The principal author of this remarkable speech was Dr. Hanan Ashrawi, the spokesperson for the Palestinian delegation. Hanan was born in Nablus on October 8, 1946, of a well-to-do Christian middle-class family. Her father, Daud Mikhail, was a doctor who joined the resistance against British control of Palestine. After the loss of Palestine in 1948, the family lived under Jordanian rule in Ramallah in what became known as the West Bank. From the Friends Girls School in Ramallah Hanan went to study English literature at the American University in Beirut. The Israeli occupation of the West Bank in June 1967 turned her overnight into an exile. It also marked the beginning of her active involvement in the Palestinian revolution. In 1970, barred by the Israeli authorities from returning home, she enrolled as a Ph.D. candidate in medieval English literature at the University of Virginia at Charlottesville. There she combined radical political activism with her academic studies and began to make a place for herself in the US at a time when the word “Palestinian” was synonymous with “terrorist.” As the founder and only member of the Charlottesville branch of the Organization of Arab Students and as head of the American Friends of Free Palestine, she formed coalitions with an anti-Vietnam War group, women’s groups, and the Black Students Alliance.
A general amnesty for Palestinians enabled Dr. Ashrawi to return home to Ramallah and to rejoin her family in 1974. She settled into academic life as head of the English Department at Birzeit University. From the outset, she made clear her opposition to the occupation. Following her participation in a few student demonstrations and protest marches, she was arrested and taken before a military judge. “What are you doing here today?” asked the judge after Hanan chose to take her oath on the New Testament rather than the Koran or the Old Testament. “That’s a good question,” she replied calmly. “A very good question. Maybe you can answer it.” This experience led her to establish the University Legal Aid Committee to provide support for Palestinian students. Outside the university, she and a group of other women started feminist study groups and held consciousness-raising sessions about the treatment of women in different spheres of Palestinian life.
Hanan’s husband, Emile Ashrawi, was not a political activist but a musician, a drummer in a rock band that combined Arabic lyrics with contemporary music. They married in 1975, and had two daughters. With a helpful husband, Hanan was able to continue her many nationalist and feminist activities. Like many of her colleagues at Birzeit University, she had some contact with the leftist political factions of the PLO, but she did not join any one of them. She moved closer to the mainstream Fatah movement while always retaining her political independence.

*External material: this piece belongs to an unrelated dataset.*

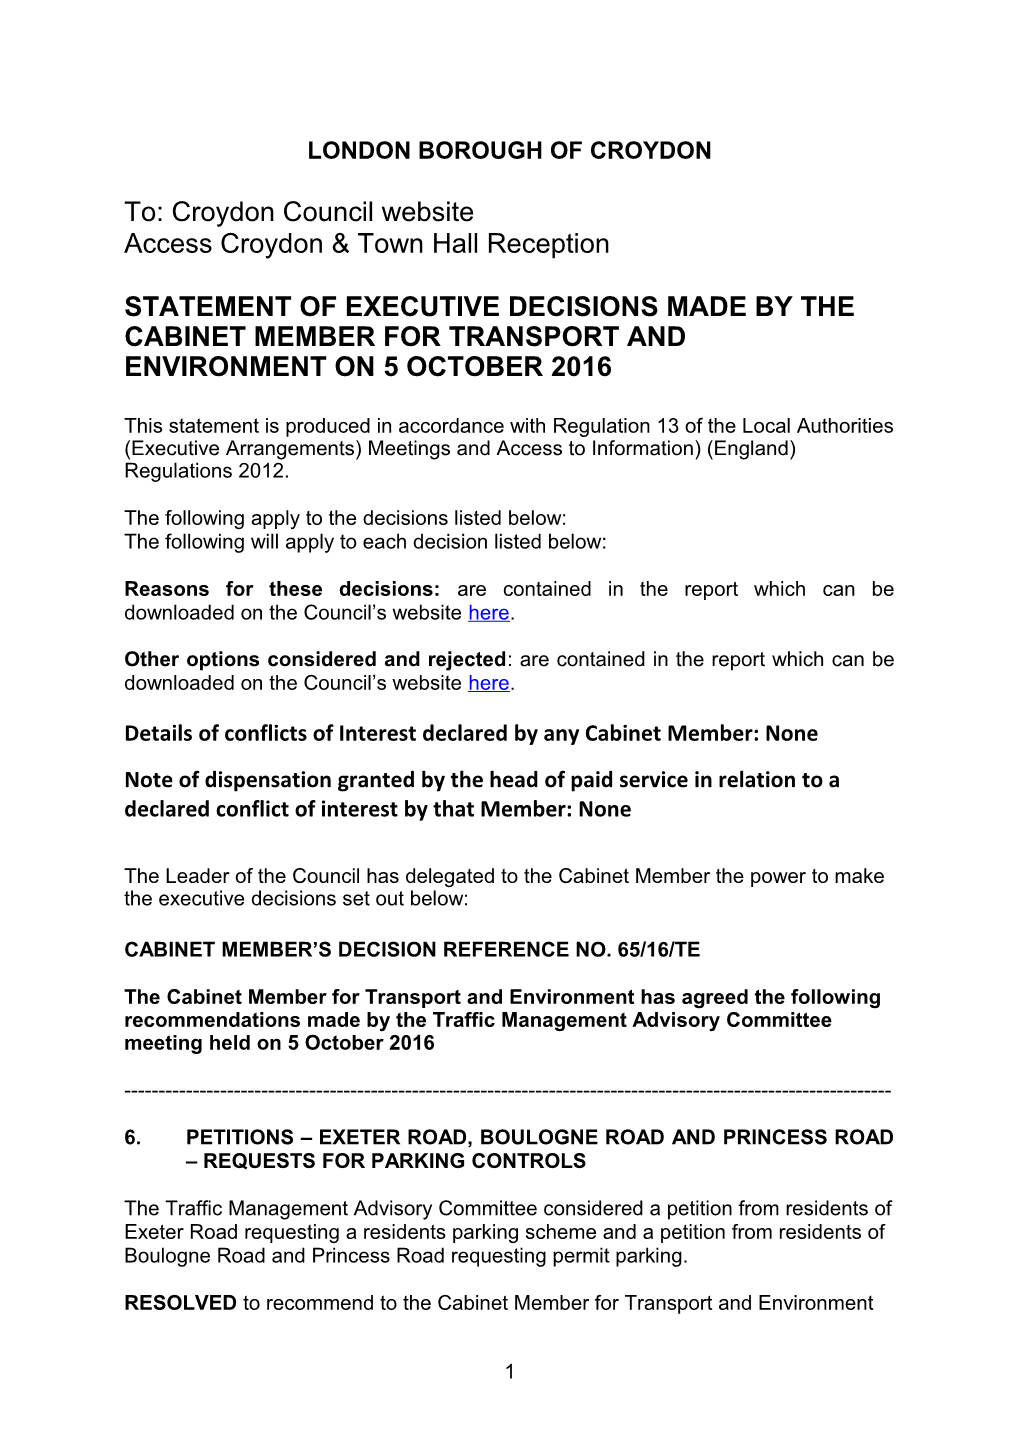 TE TEMPLATE Statement of Executive Decisions Made by the Cabinet Member

The intifada, the spontaneous popular revolt against Israeli occupation which broke out in December 1987, drew Ashrawi deeper and deeper into politics. The intifada brought together the seemingly irreconcilable elements of Palestinian society in a joint campaign that pitted them against the formidable Israeli military machine. It was a heady experience which, despite all the suffering it entailed, released suppressed energies and gave the participants a sense of power, even of invincibility. Ashrawi was susceptible to the prevailing mood of exhilaration, but she also became more aware of the importance of organization, discipline, and self-criticism. She took the lead in devising ways to explain the Palestinian case, particularly in the press and on television.
As a matter of policy, Palestinians had refrained from talking to Israelis in a public debate. This was a way of withholding recognition of Israel; but it gave the Israelis exclusive access to the mass media and plenty of opportunities for blaming and misrepresenting the absent Palestinians. An invitation to debate face-to-face with Israelis on Ted Koppel’s Nightline in April 1988 gave Ashrawi just the opportunity that she had been looking for to break with the Palestinian tradition of verbal boycott. She seized the opportunity, she writes, to deliver three quite different messages: “to the world—that we wanted to be heard directly; to the Palestinians—that it was the time to take the initiative and speak out; to the Israelis—that we were ready to take them on.”

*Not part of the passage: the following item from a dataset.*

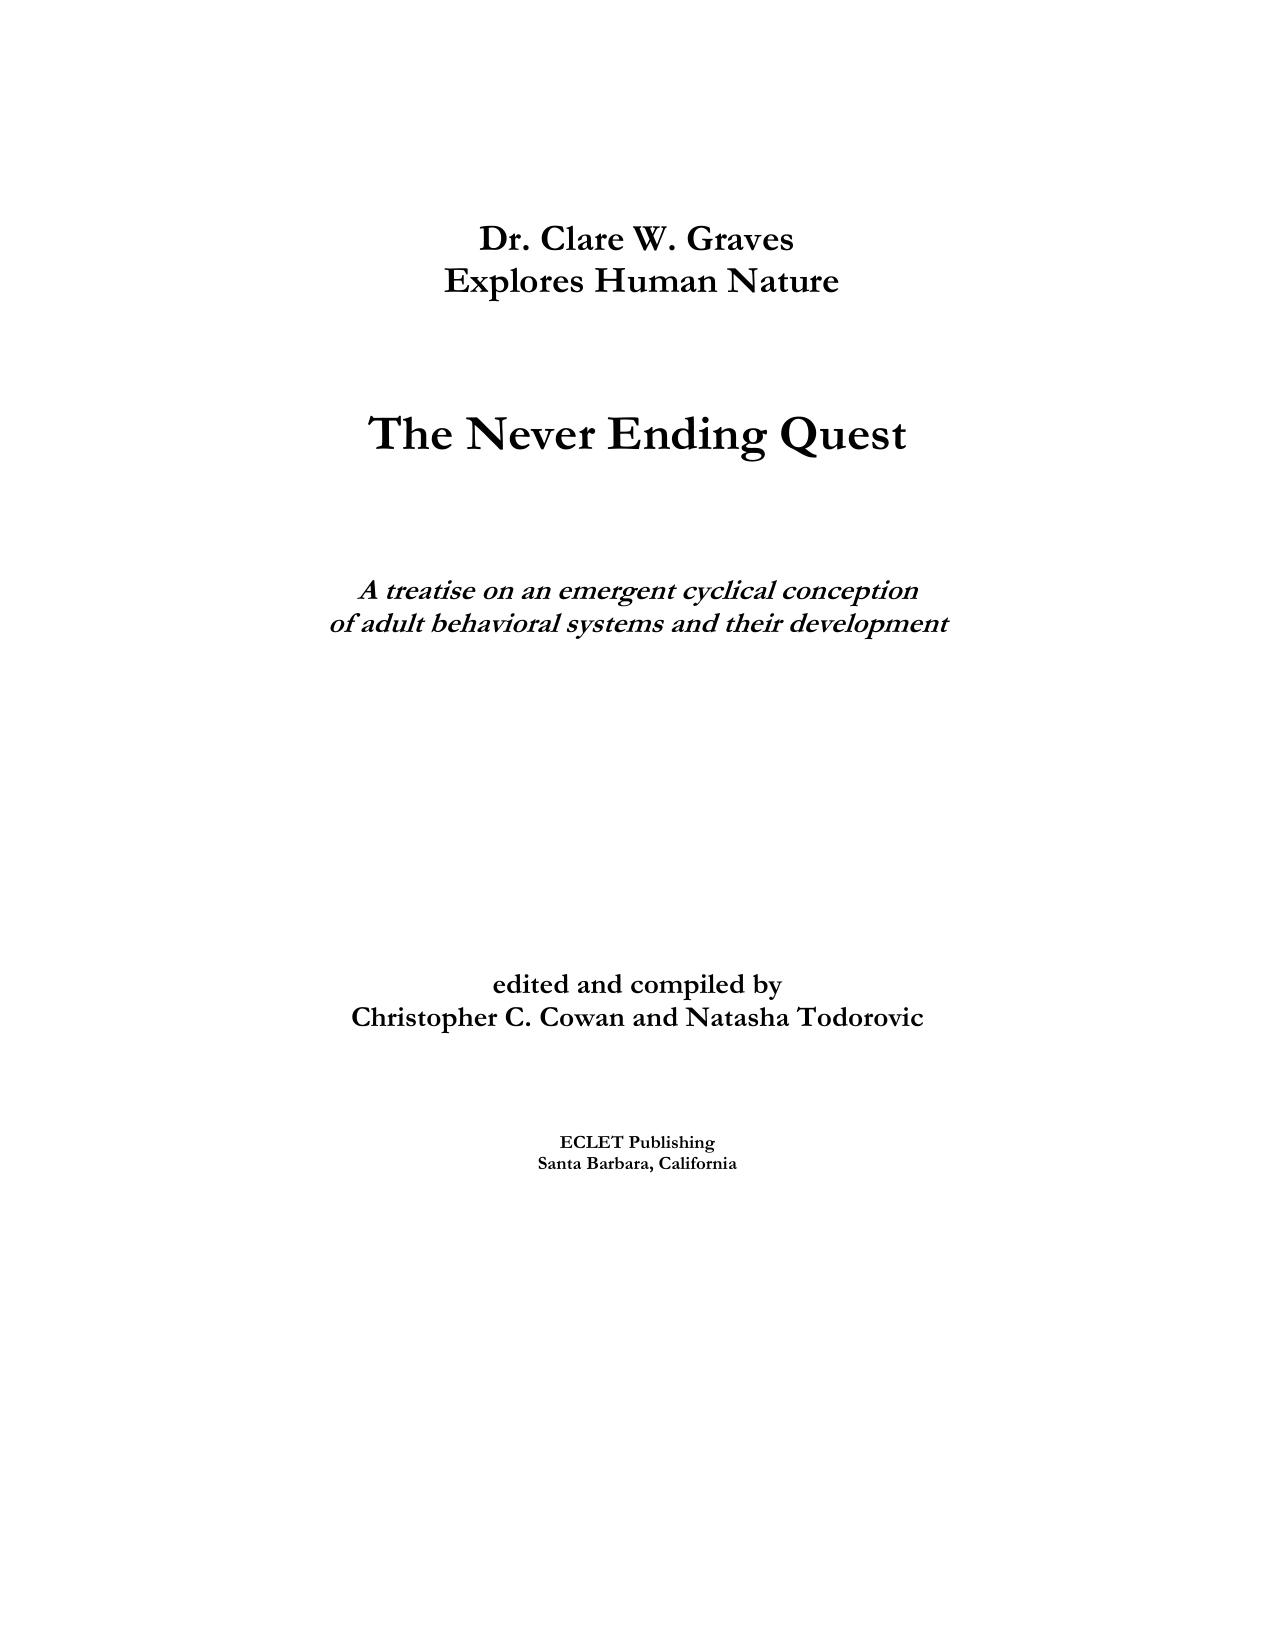 The Never Ending Quest: Clare W. Graves Explores Human Nature

Encouraged by the result of this first public encounter, Ashrawi and a group of other political “independents” formed the Palestinian Political Committee, which held many of its meetings in her house. The objectives of the committee were to brief journalists and foreign visitors, to provide a pool of accredited speakers who could participate in conferences and seminars throughout the world, to present different options to the unified national leadership of the intifada, and to become a center for political and diplomatic activity in the occupied territories. Such activity was illegal then, but the danger only encouraged them to persist. Apart from being risky, this activity impinged heavily on Ashrawi’s home life. Zeina, her younger daughter, said: “I have leant my mother to the peace process.”
The peace process between the Palestinians and Israel, which culminated in the famous handshake between Yasir Arafat and Yitzhak Rabin on September 13, 1993, is the main theme of Ashrawi’s revealing and highly readable memoirs. The book, as its title indicates, is not a work of diplomatic history but an inside account by one of the participants. She also tells us that she was encouraged to write this account by her friend Edward Said, who often lamented the lack of a Palestinian narrative to reveal their side of the truth.

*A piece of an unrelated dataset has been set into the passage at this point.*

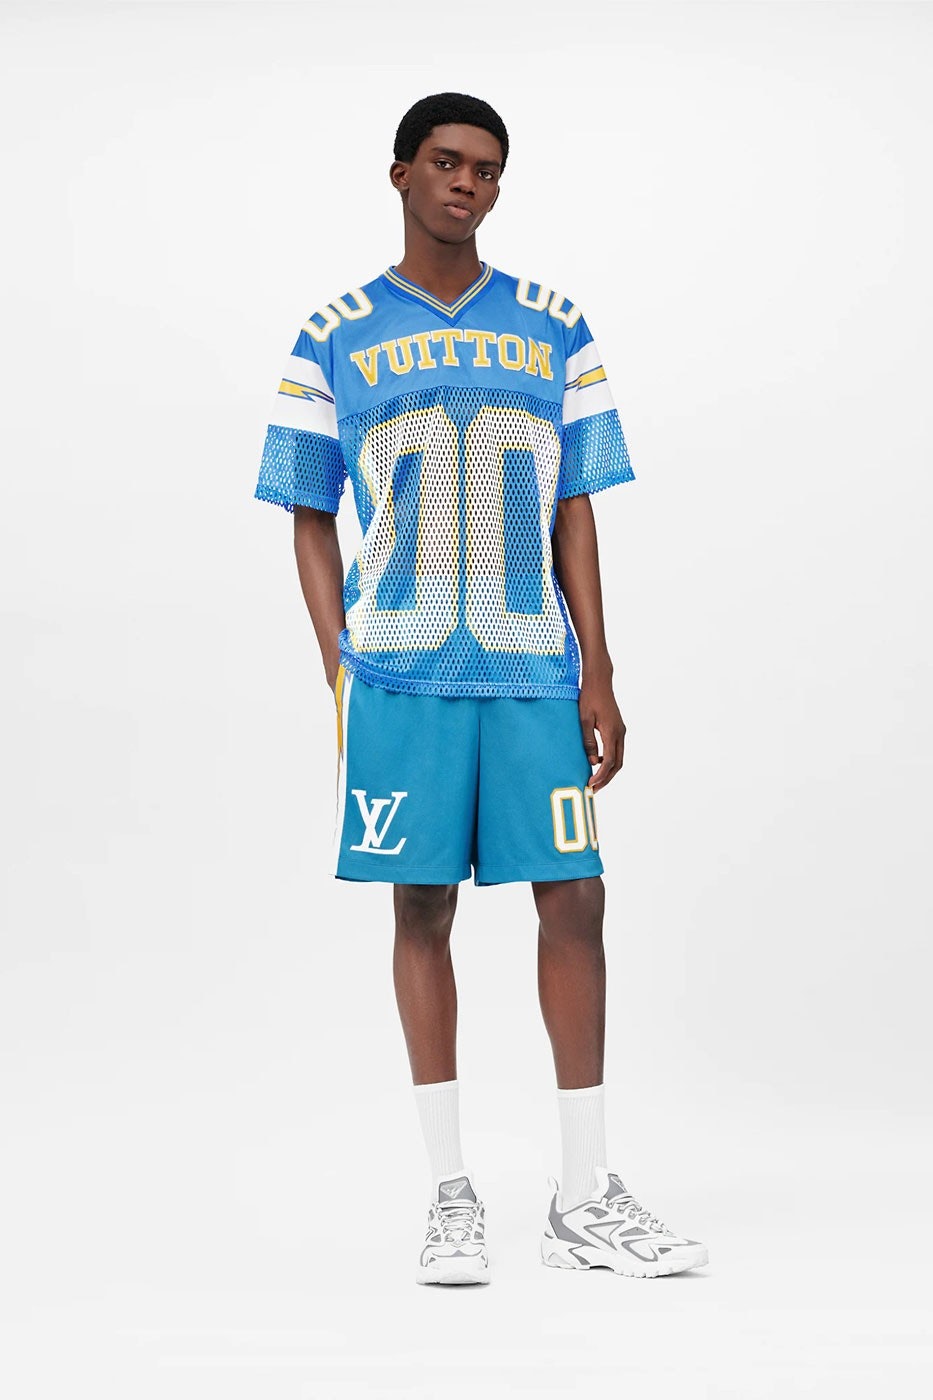 replica la chargers jersey football

Hanan Ashrawi is not a politician by choice, politics being her second career. Her literary background, however, inevitably influenced her political style. Her command of English was an obvious asset in putting across the Palestinian case, but precisely because she was not a professional politician, she was able to offer a new perspective on the Palestinian struggle. She raised the level of debate about Palestinian politics by concentrating on issues affecting daily life, by articulating the hopes and fears of ordinary Palestinians, by dwelling on issues of justice and morality, calling attention, for example, to Israel’s infringement of academic freedom, arbitrary deportations, and mistreatment of arrested Palestinians. Being a woman probably made it easier for her to speak about her own feelings and emotions and the human predicament of people who had been deprived of their land and forced into exile or to live under occupation; and this touched a chord with the Western audiences to whom she addressed herself. Although she presented her case with passion, and although she could be dogmatic, her listeners did not feel threatened or hectored by her. Even under severe pressure, she carried herself with dignity.
Like Edward Said, Hanan Ashrawi understands the importance of Palestinians’ telling their own stories; unlike him, she also understands the requirements of pragmatic politics, the necessity of compromise not only with one’s enemies but also with one’s partners. Both of them are intellectuals with a passionate commitment to the Palestinian cause, and both have considerable expository and oratorical skills. The difference is that Ashrawi can translate ideas into a plan of action. Her approach to politics is informed by practical experience, by a sense of realism, by a capacity to balance conflicting considerations.
It was these political skills and not just her mastery of the English language that commended Ashrawi to Yasir Arafat as an envoy to the American government. Arafat knew that she had no personal ambitions for political power and that she would not threaten his position as the leader of the Palestinian political movement. Yet their relationship mirrored some of the tensions between the two major components of this movement: those in the occupied territories and those outside, al-dakhil and al-kharij. Both the Americans and the Israelis wanted the center of gravity within the Palestinian movement to shift from Tunis to the local leadership in the occupied territories, a shift that Arafat was determined to resist. However, in 1989 Arafat himself asked Ashrawi to meet with State Department officials and make a plea for upgrading the status of dialogue between the US and the PLO. That was the beginning of a role she was to play for the next six years, a role which gave her an increasingly visible international presence.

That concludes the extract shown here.